Pictures are to be omitted; everything else in the data must be transcribed exactly.

[Dataset content — start]

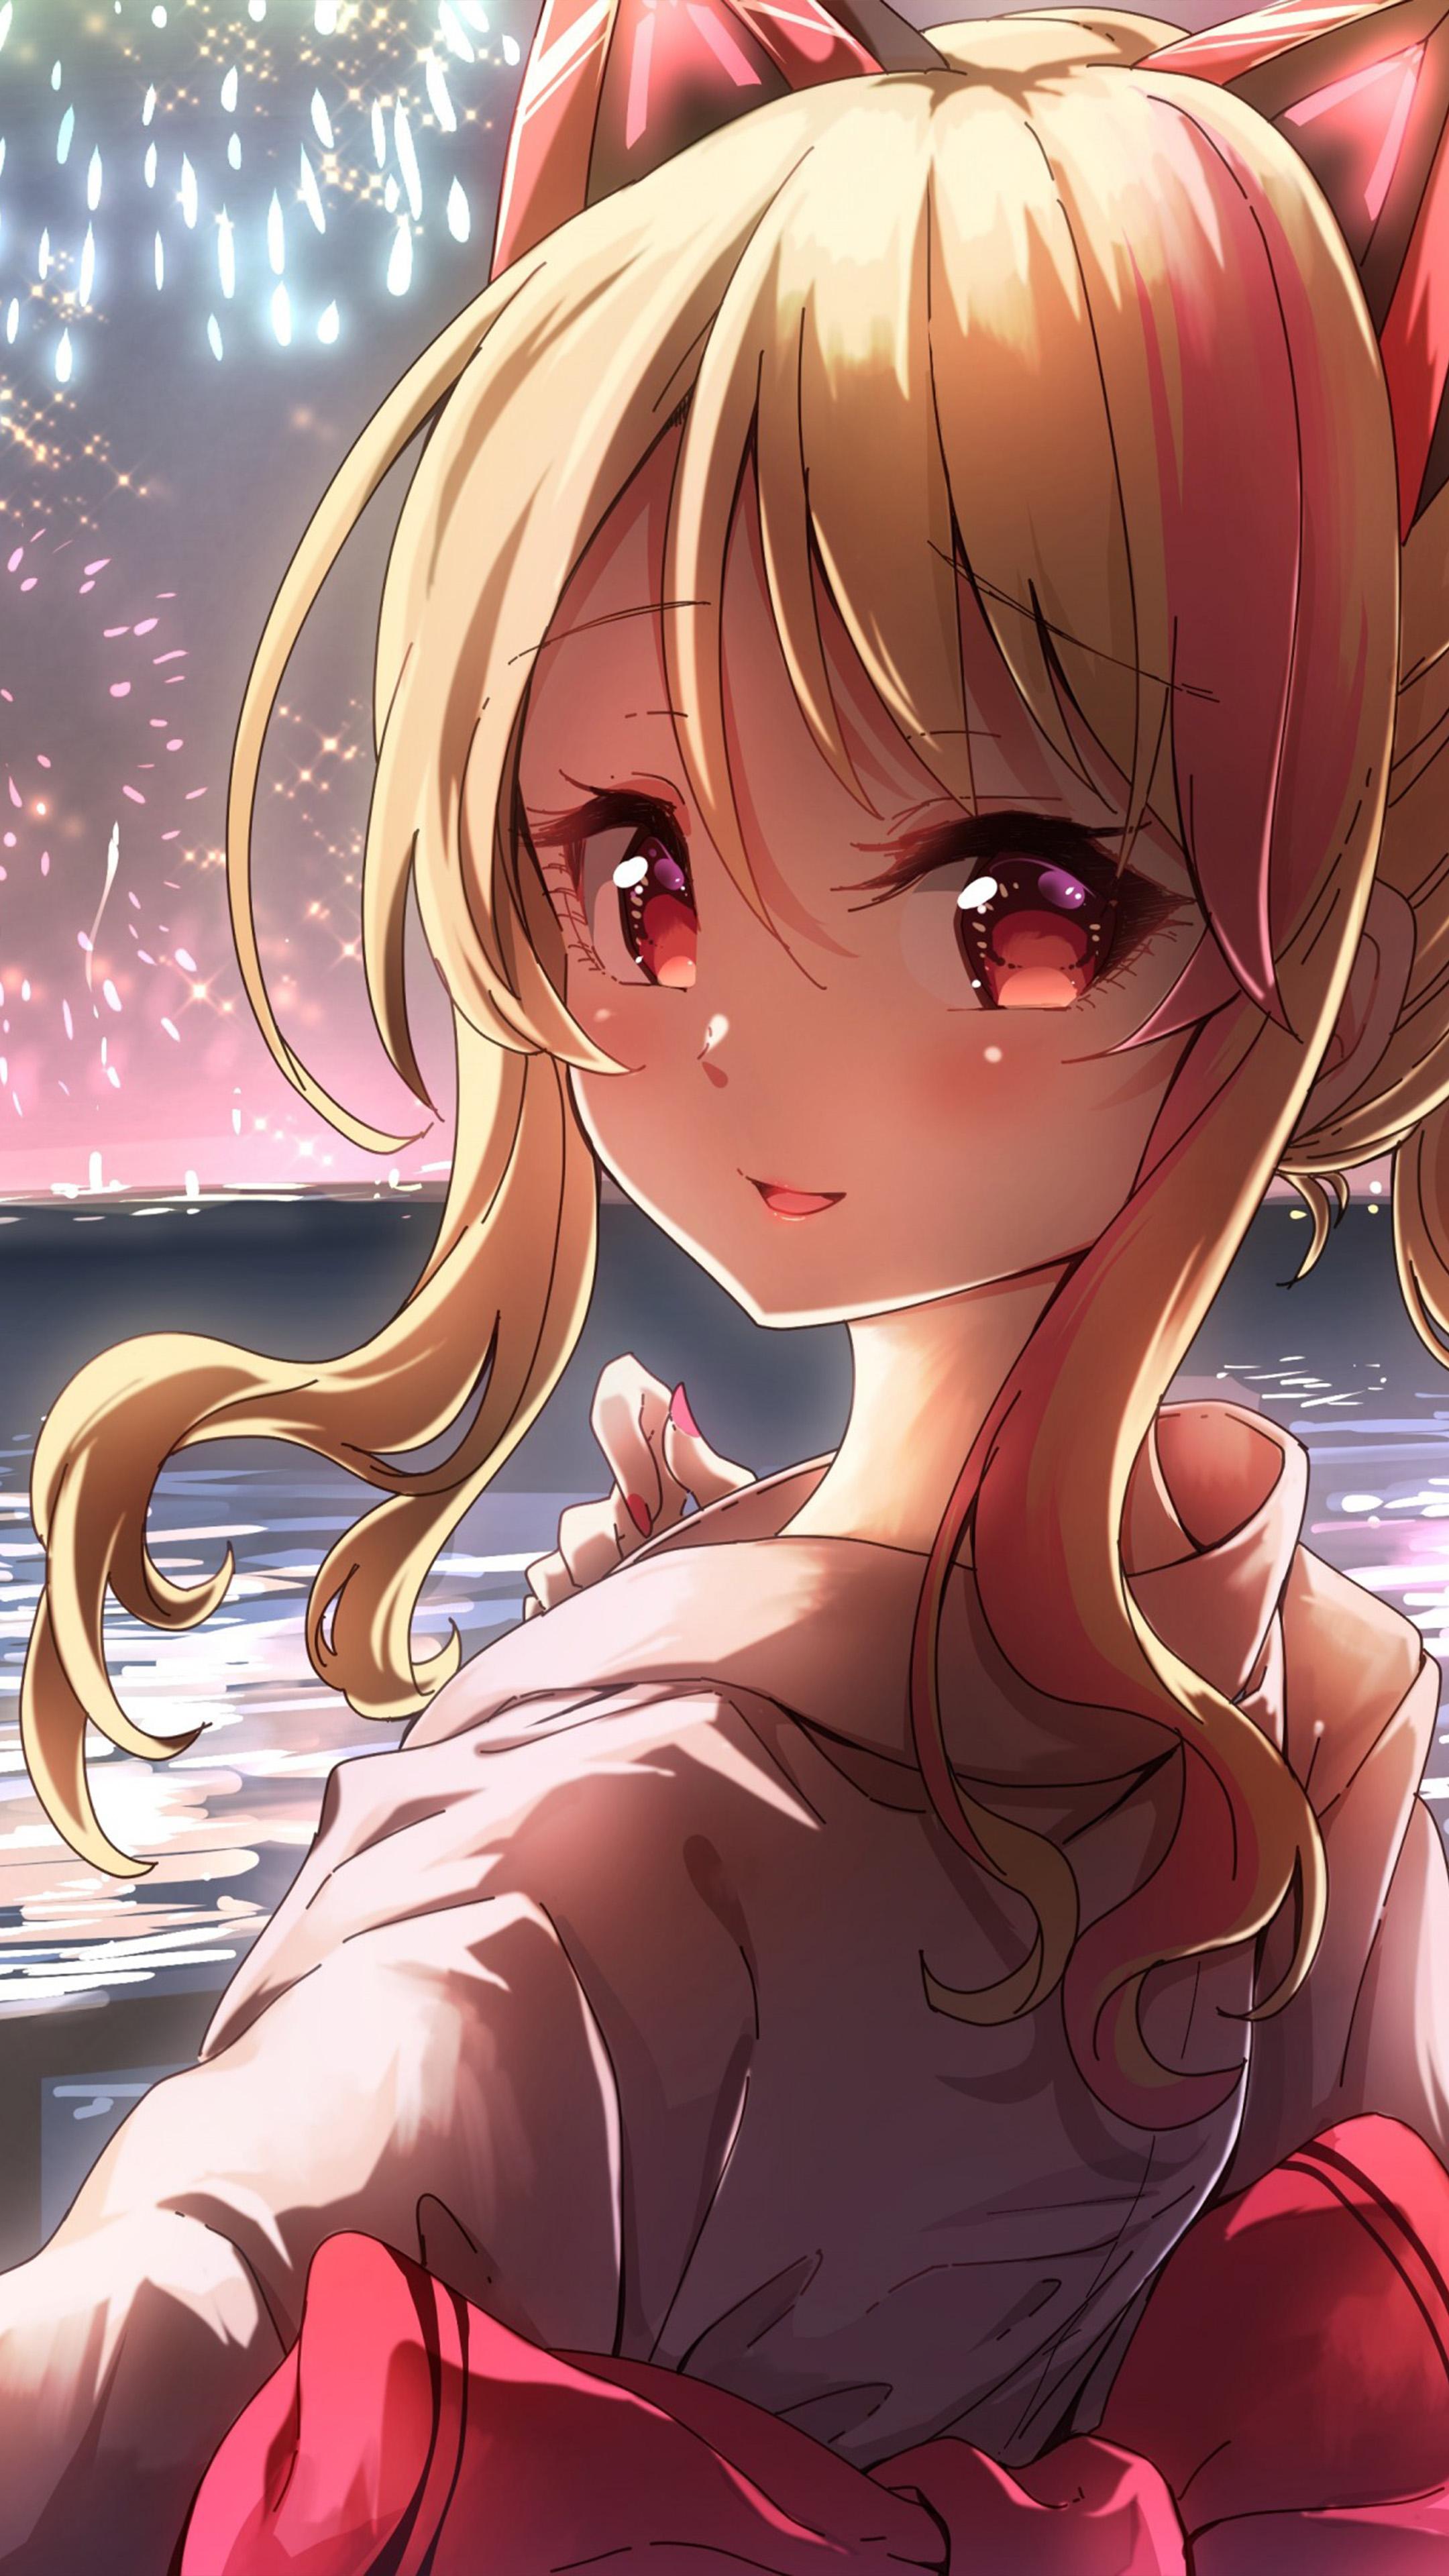 2160 x 3840 · jpeg - Anime Girl Fireworks 4K Ultra HD Mobile Wallpaper
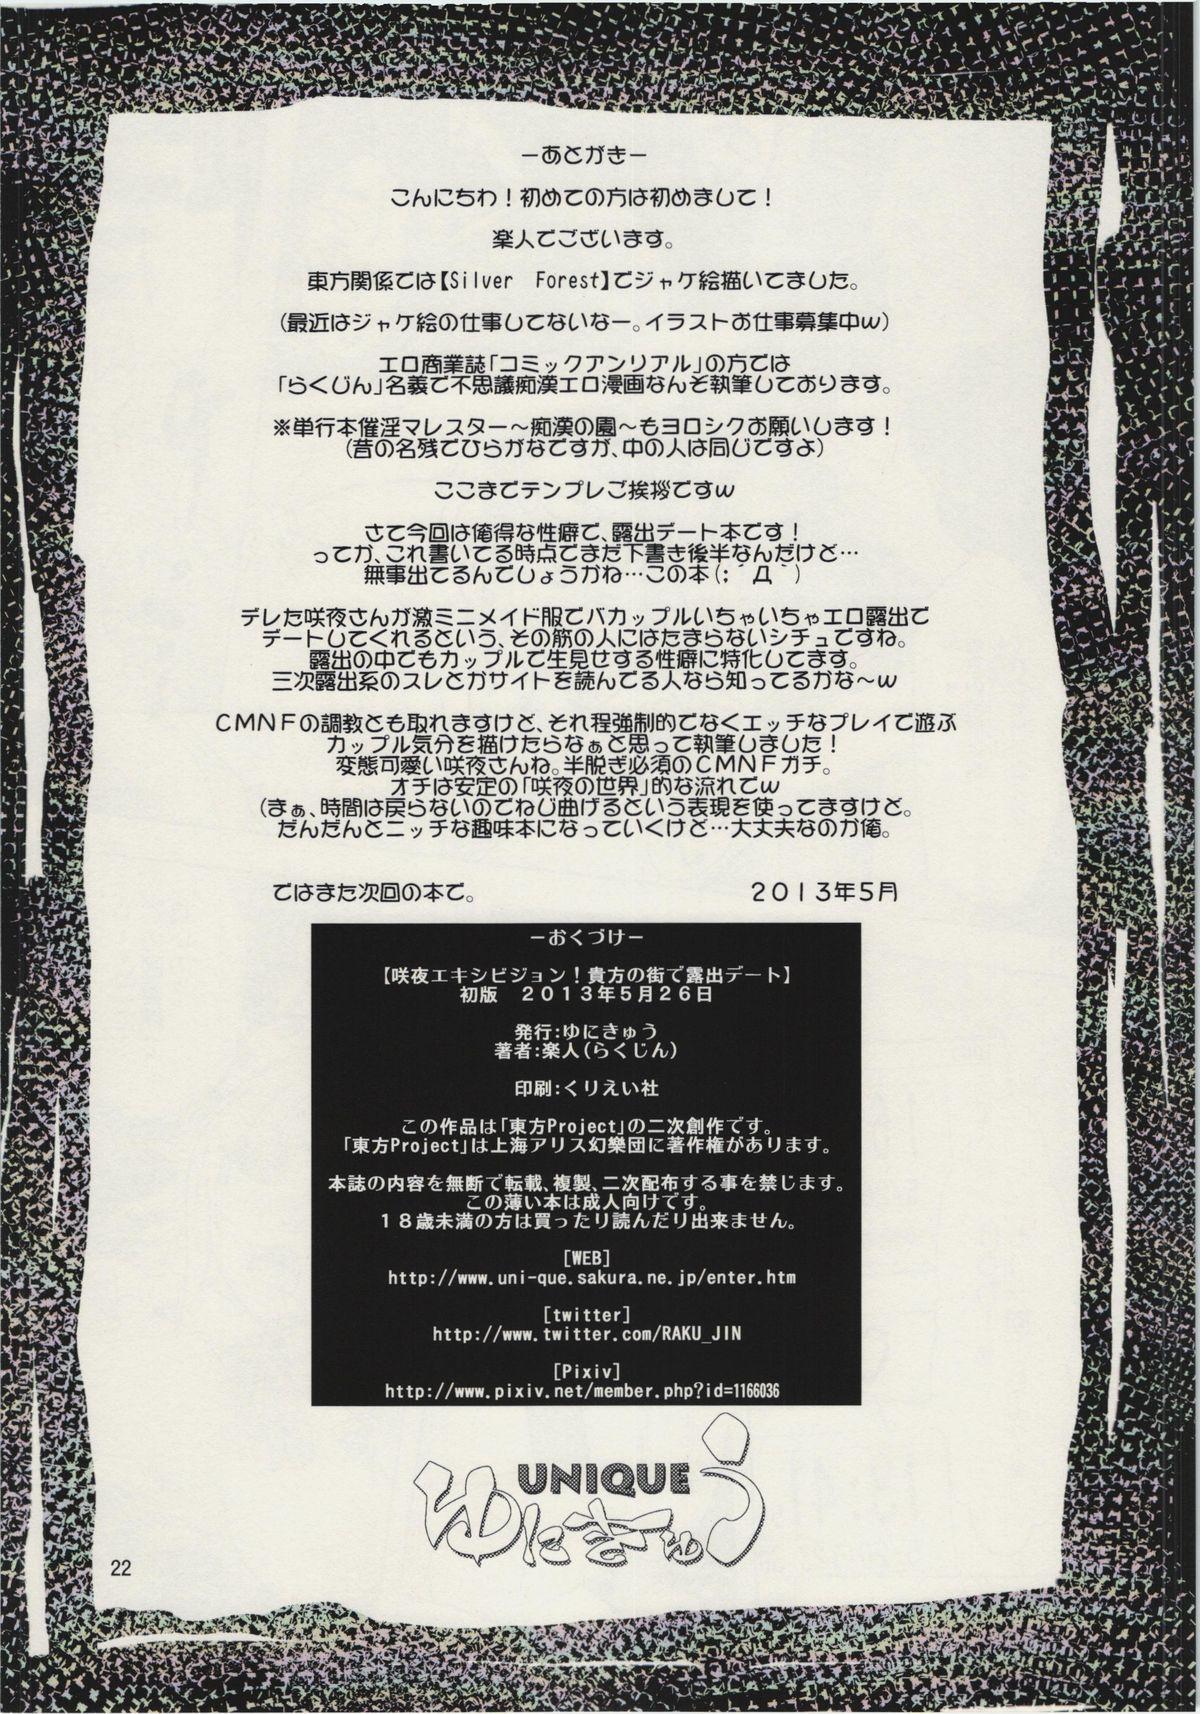 Sakuya Exhibition! Anata no Machi de Roshutsu Date 21
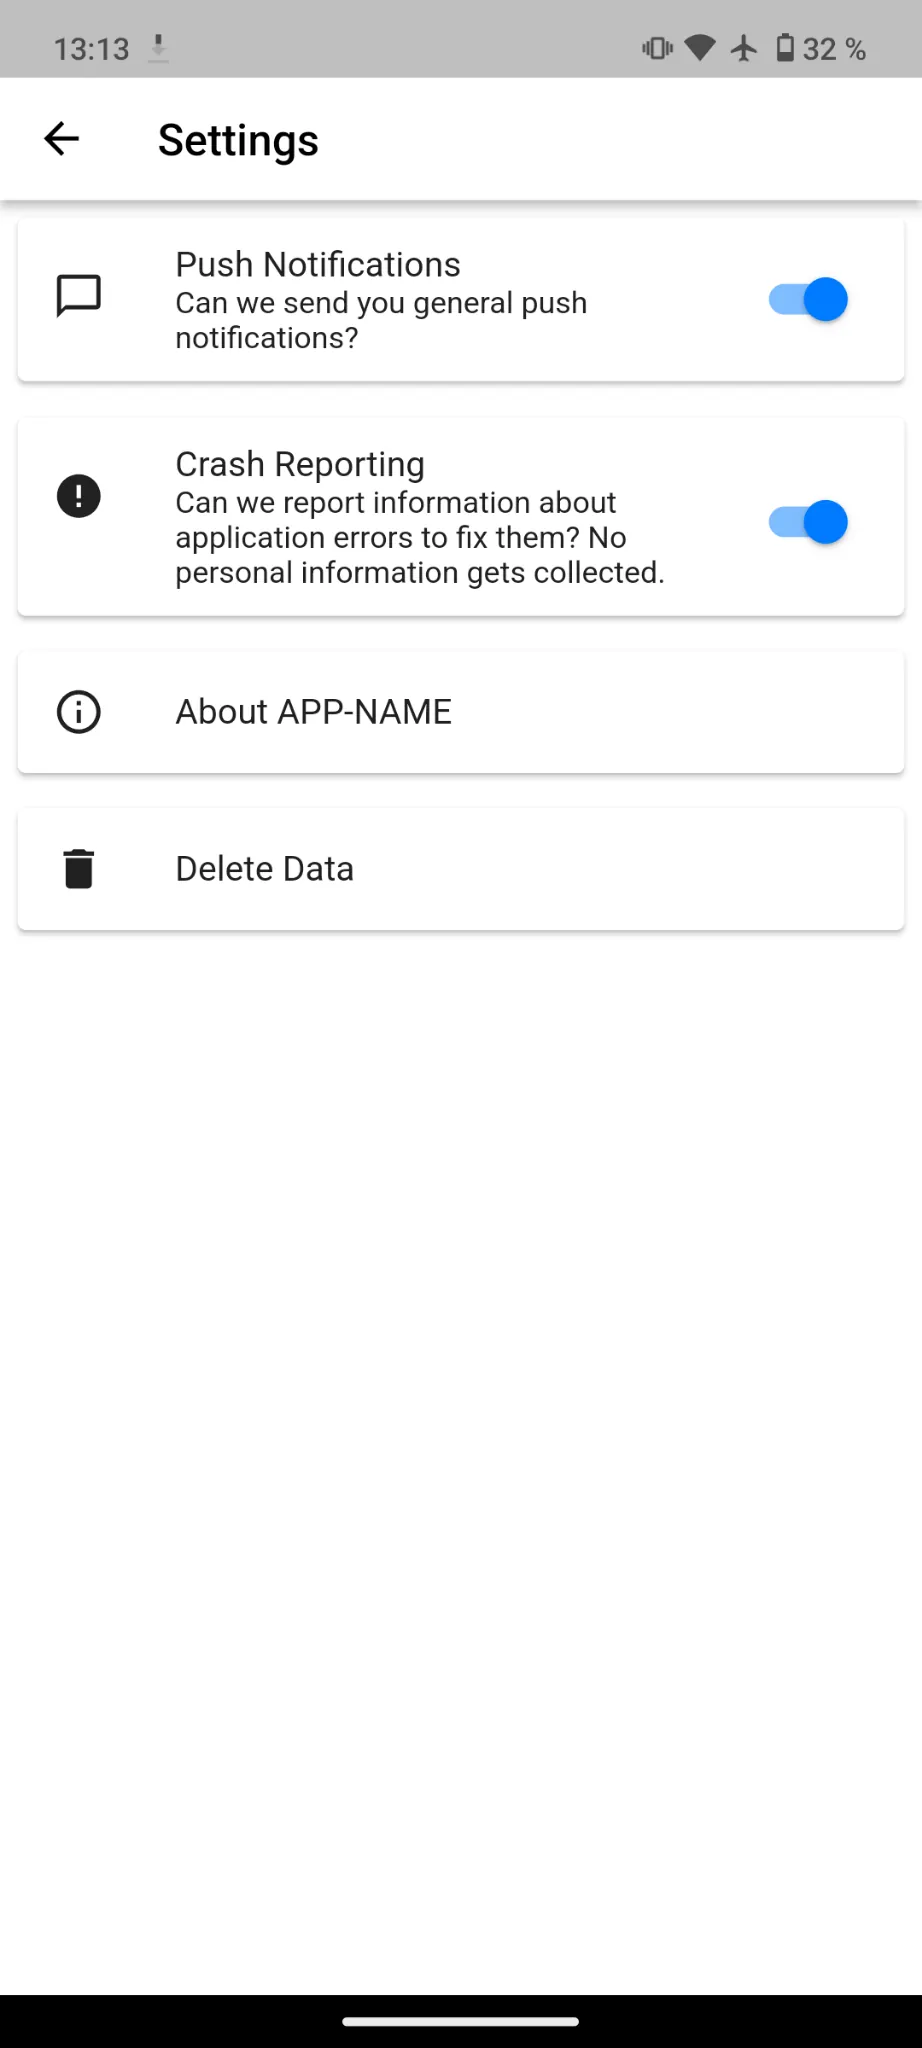 Een screenshot van de app-instellingen met de kaart Gegevens verwijderen.
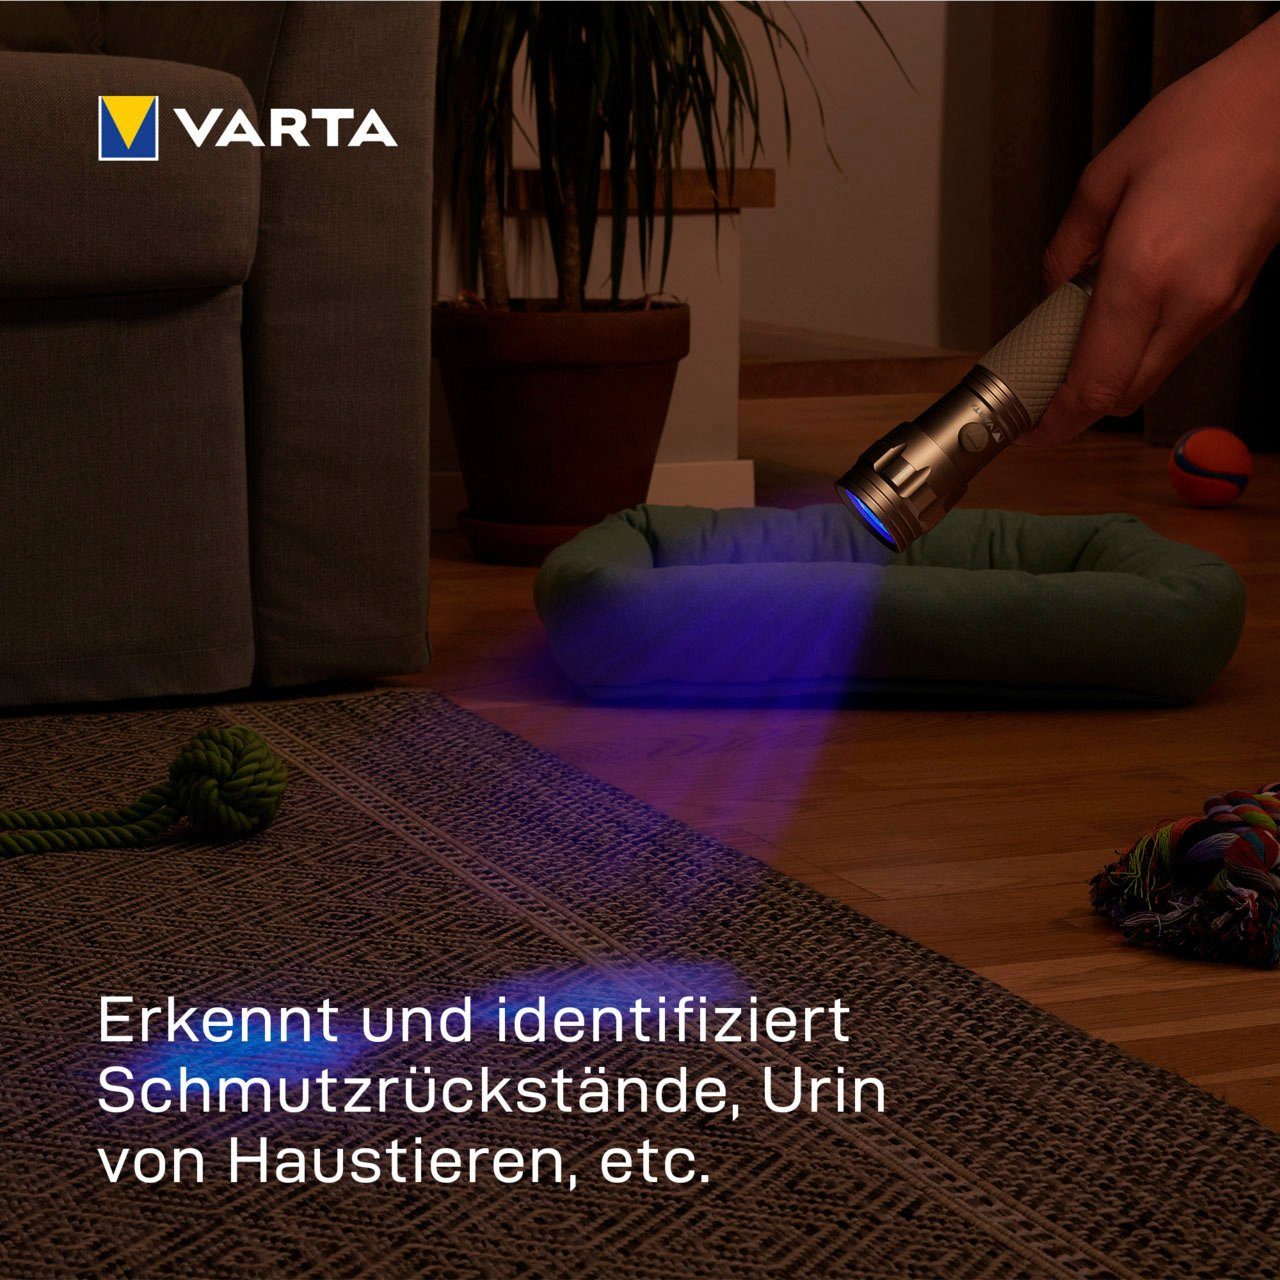 VARTA Taschenlampe UV Licht (Set), macht sichtbar Schwarzlicht Hygienehilfe mit Leuchte Unsichtbares

[Dataset content — finish]

Answer area ▸
 2160 x 3840 · jpeg - Anime Girl Fireworks 4K Ultra HD Mobile Wallpaper
 Sakuya Exhibition! Anata no Machi de Roshutsu Date 21
 Een screenshot van de app-instellingen met de kaart Gegevens verwijderen.
 VARTA Taschenlampe UV Licht (Set), macht sichtbar Schwarzlicht Hygienehilfe mit Leuchte Unsichtbares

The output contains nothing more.